• SUPPLIED DATA
=== Section Start ===

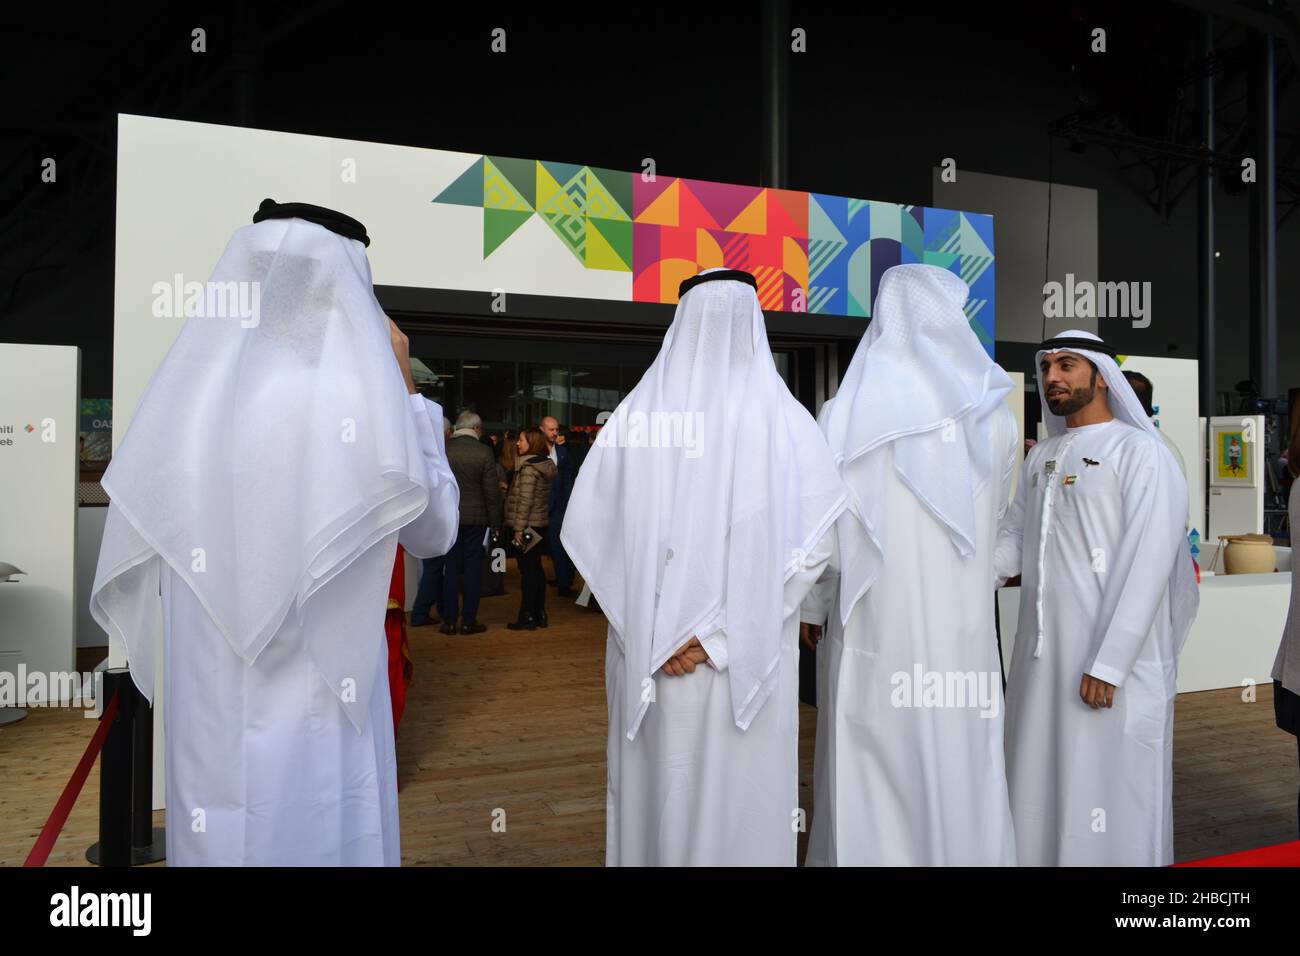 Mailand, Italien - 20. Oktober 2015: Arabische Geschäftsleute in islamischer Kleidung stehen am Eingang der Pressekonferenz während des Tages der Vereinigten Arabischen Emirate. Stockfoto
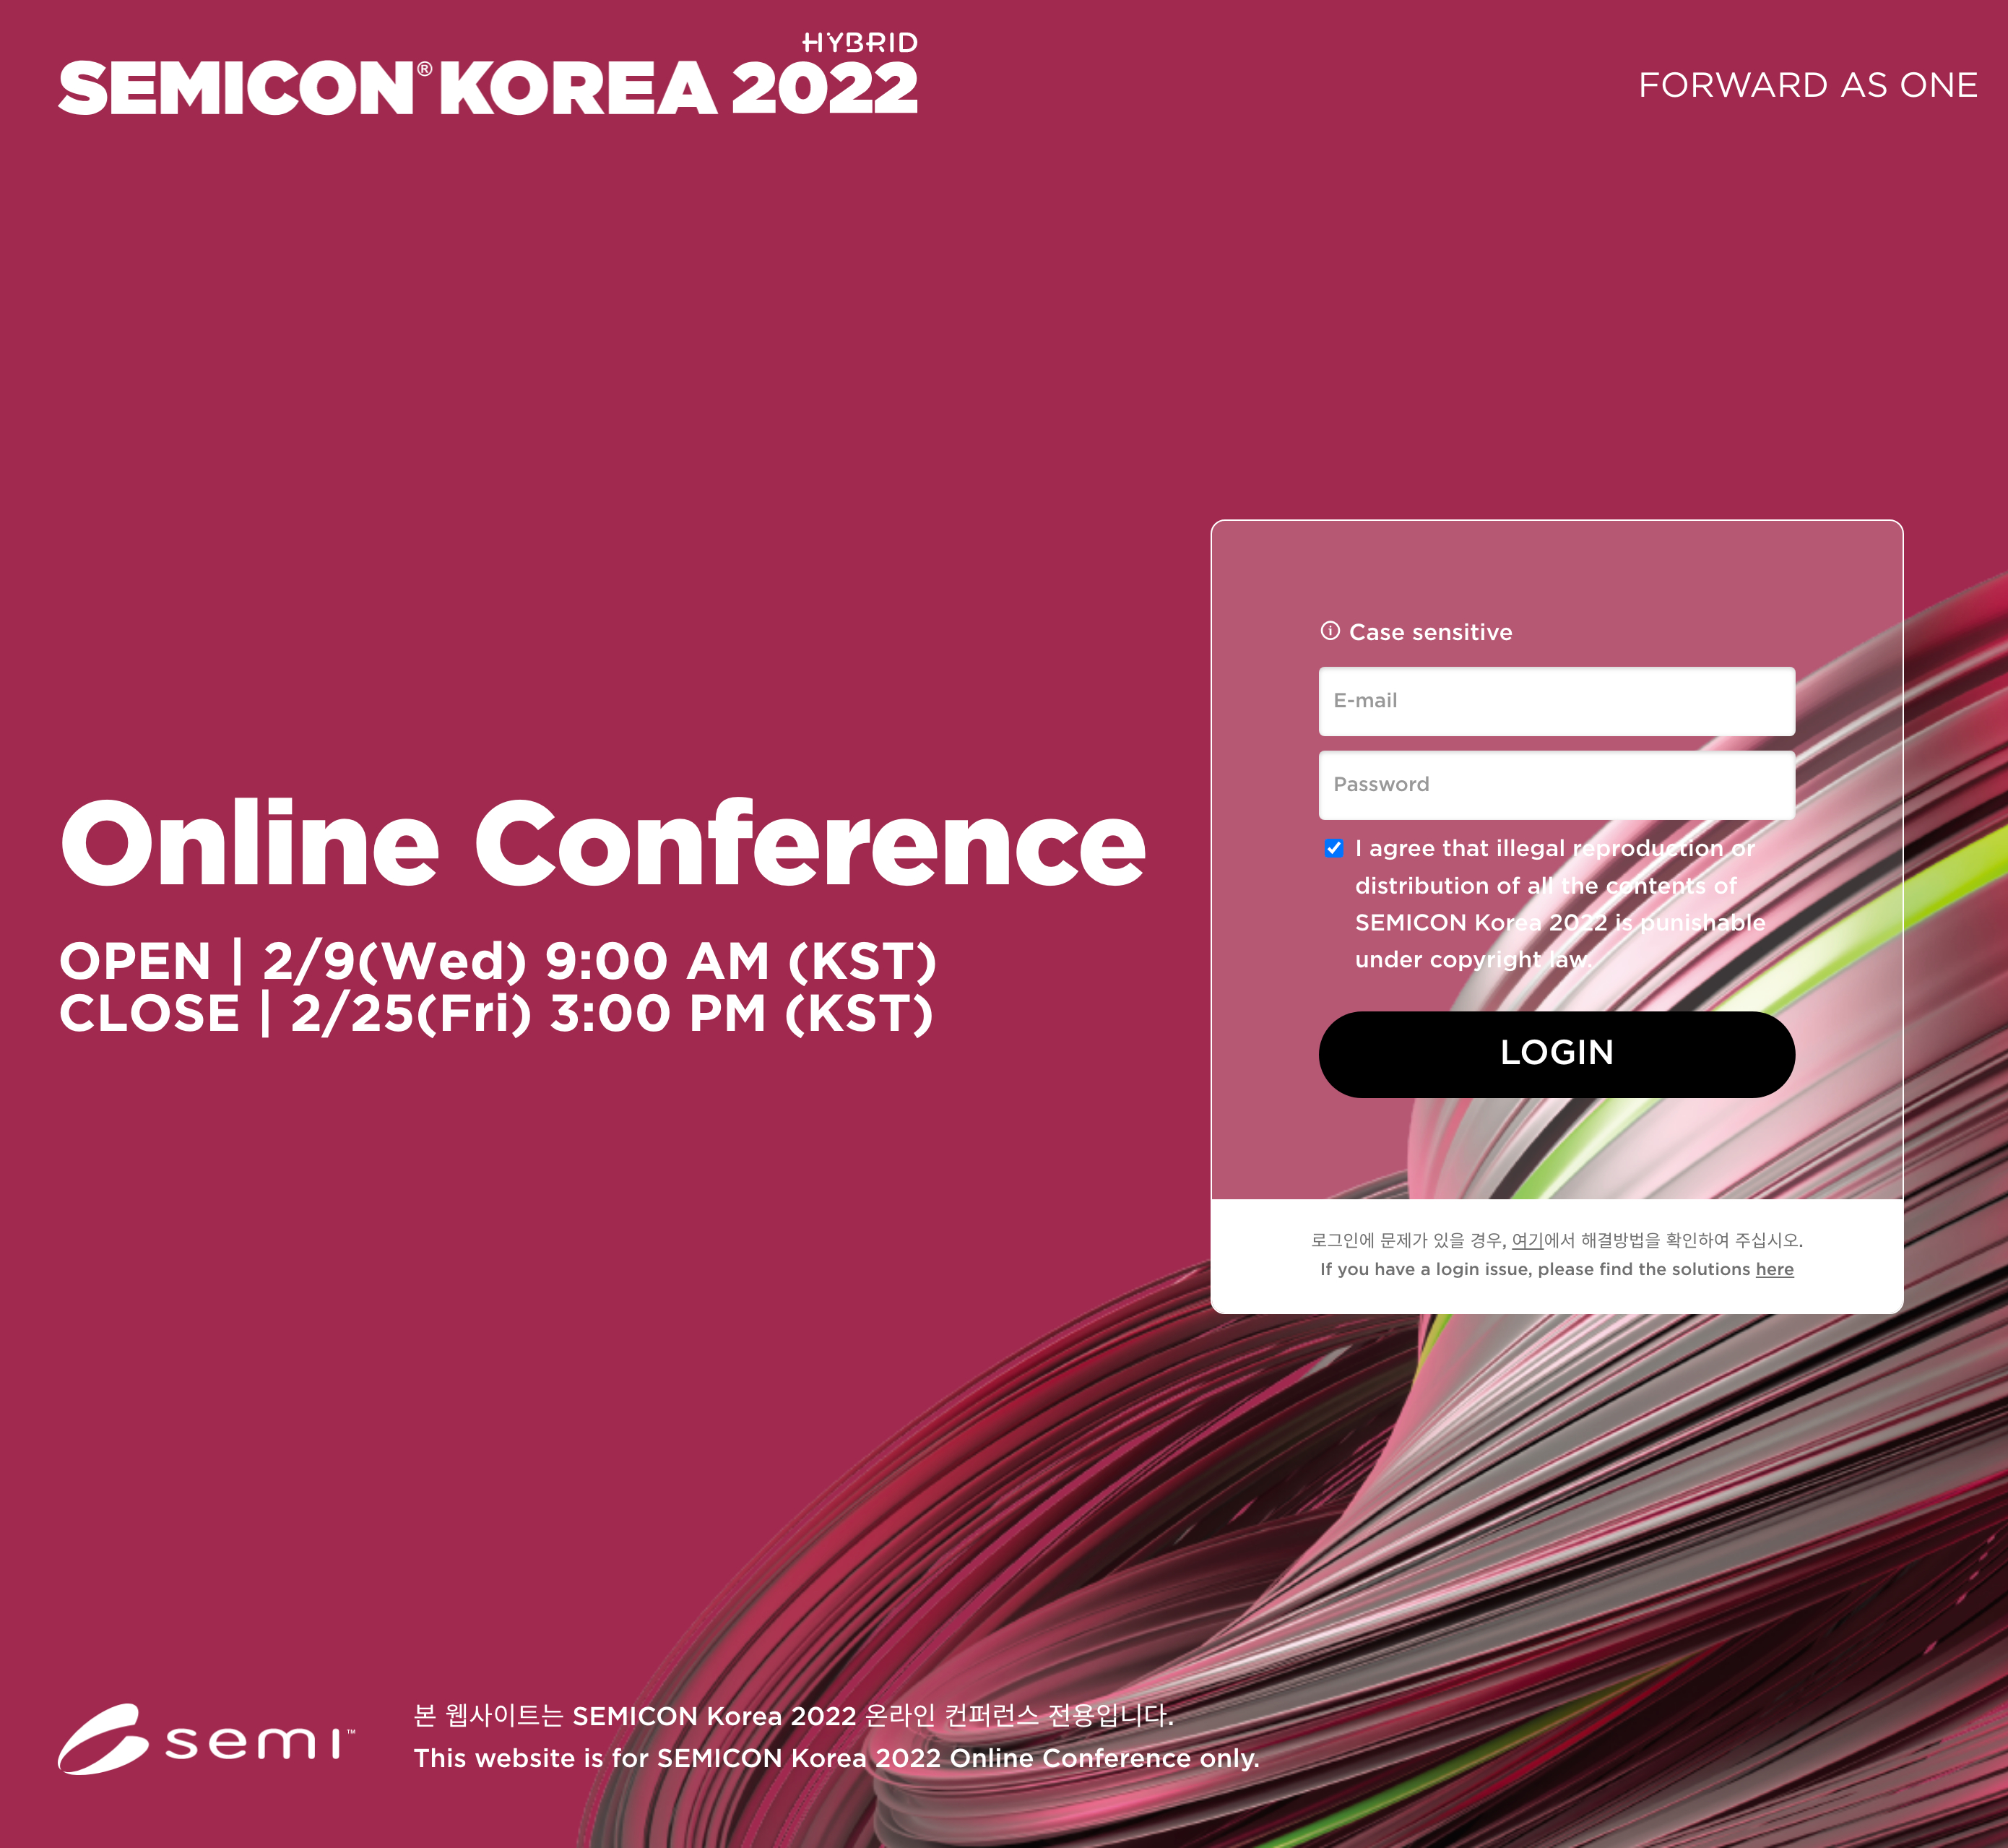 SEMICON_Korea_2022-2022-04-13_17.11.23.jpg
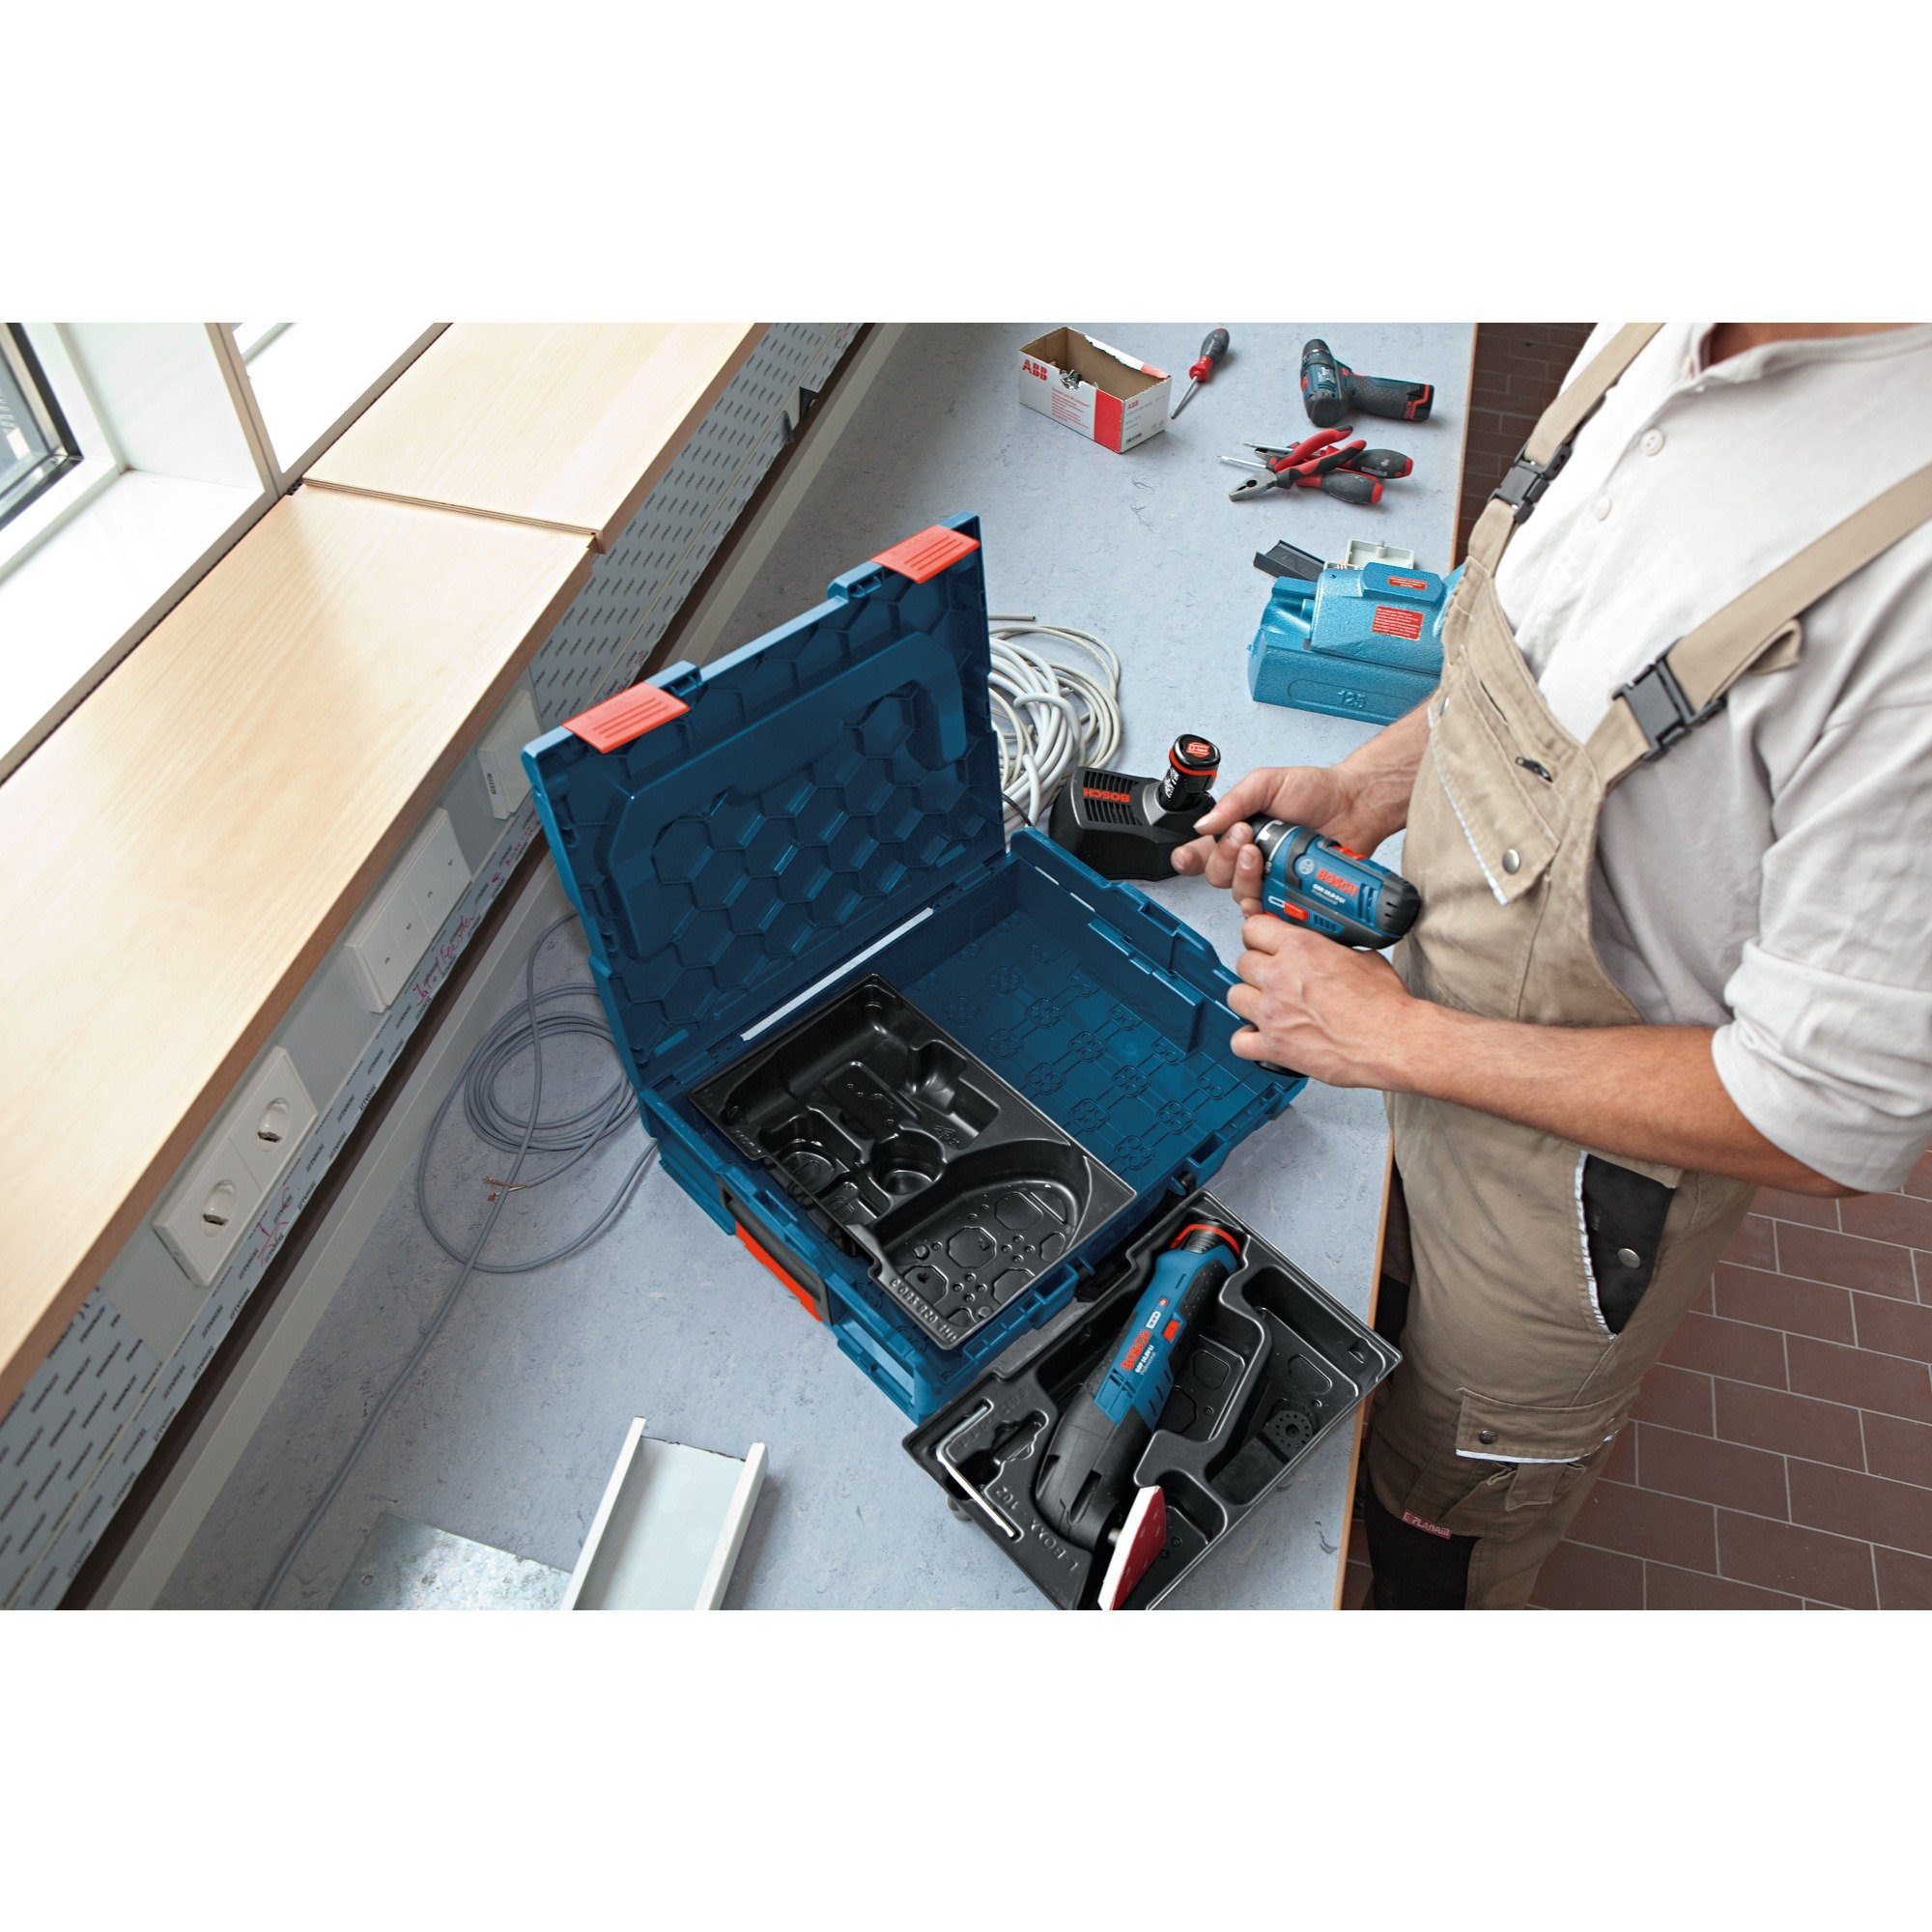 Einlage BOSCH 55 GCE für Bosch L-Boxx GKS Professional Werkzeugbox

=== Section End ===

• WORK INSTRUCTION
Set down the material once more, exactly, with the pictures omitted.

• THE COMPLETED TASK
 Mailand, Italien - 20. Oktober 2015: Arabische Geschäftsleute in islamischer Kleidung stehen am Eingang der Pressekonferenz während des Tages der Vereinigten Arabischen Emirate. Stockfoto
 SEMICON_Korea_2022-2022-04-13_17.11.23.jpg
 Einlage BOSCH 55 GCE für Bosch L-Boxx GKS Professional Werkzeugbox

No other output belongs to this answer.